The disconfirmed rates across different variant functional categories were similar (Fig. 3c). For fresh-frozen sample, the disconfirmed rate of nonsynonymous, frameshift, synonymous, intron, and regulatory variants ranges from 32% (nonsynonymous) to 43% (frameshift). For FFPE sample, the disconfirmed rate across different categories ranges from 59% (nonsynonymous) to 77% (regulatory).
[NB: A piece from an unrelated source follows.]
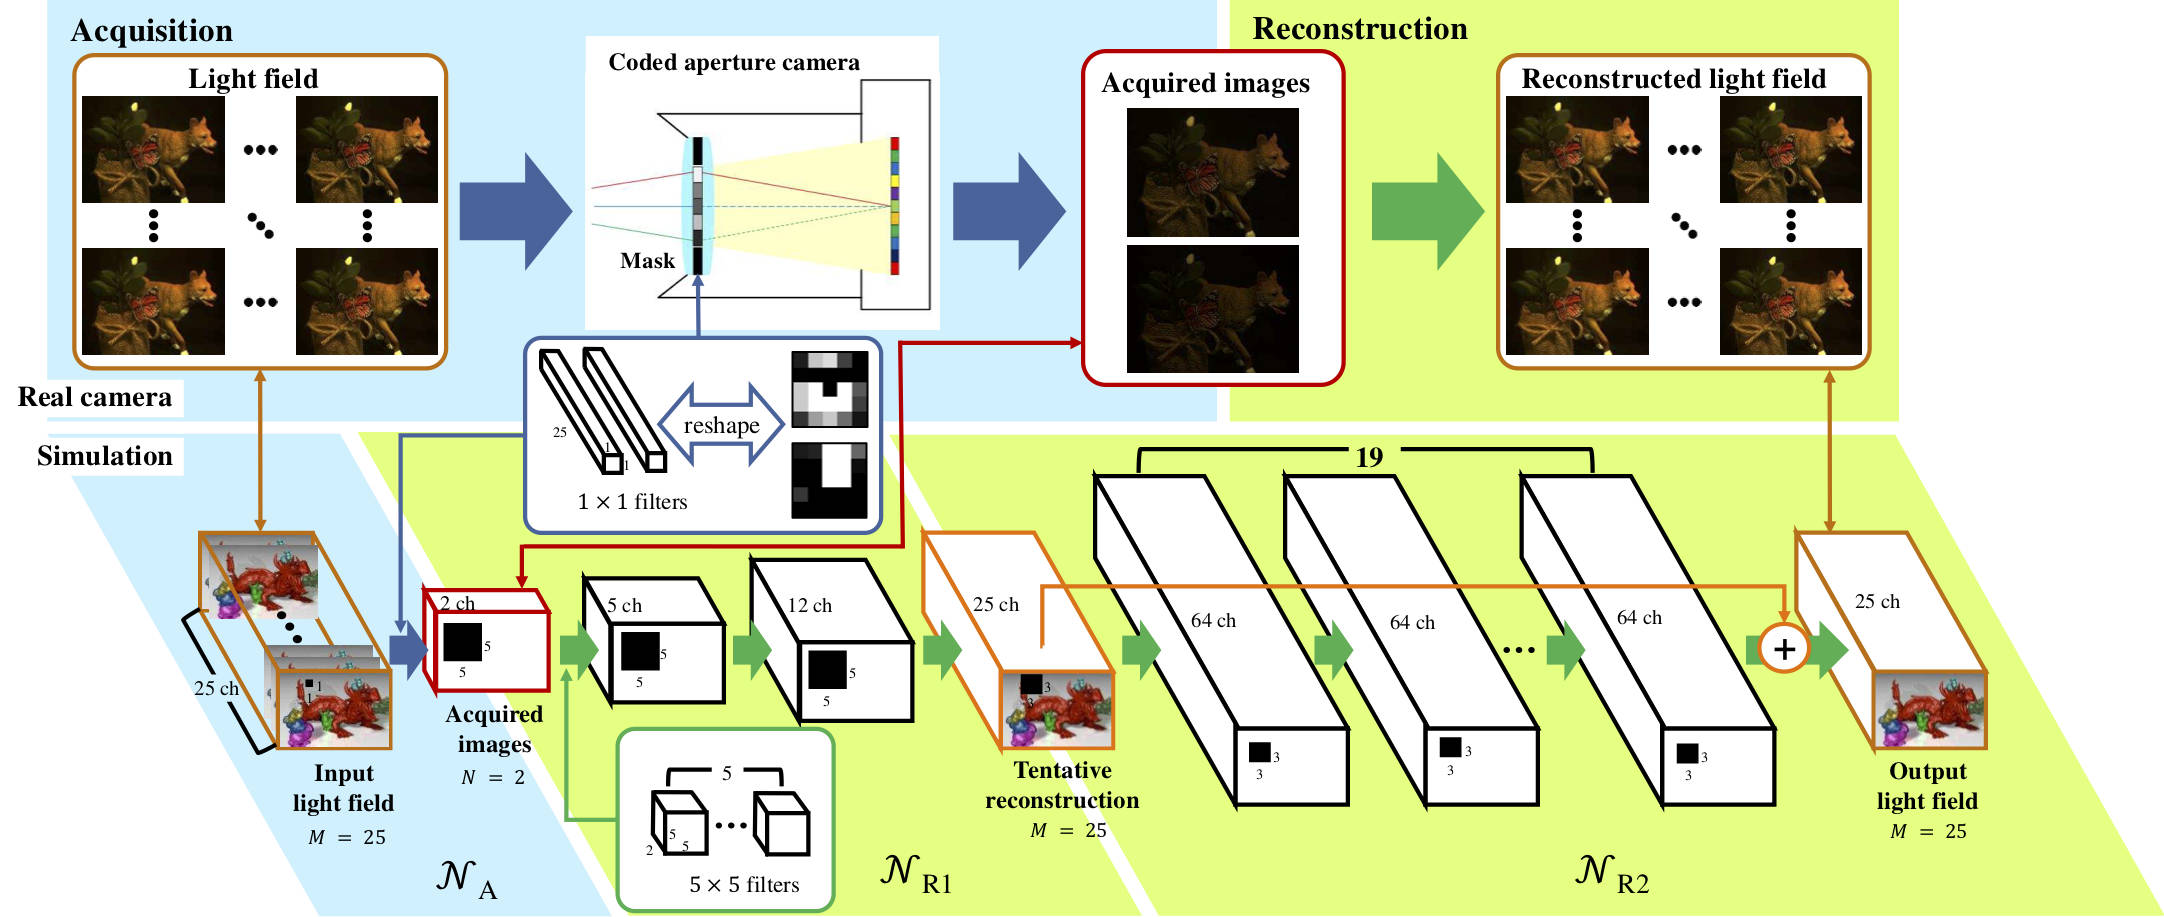 Our neural network models the entire pipeline from capture to computational reconstruction of 3-D visual information

The disconfirmed rates by different alteration types varied widely. The A > C/T > G variant had the highest disconfirmed rate in both the fresh-frozen and FFPE samples (Fig. 3d). In the FFPE sample, the C > T/G > A variant accounted for 60% (79/132) of WES-detected variants and 92% (44/48) of the confirmed variants; the disconfirmed rate was significantly lower than other alteration types. The results agree with the fact that the FFPE samples represent cytosine deamination events which cause increased C > T/G > A variants [23, 24, 25].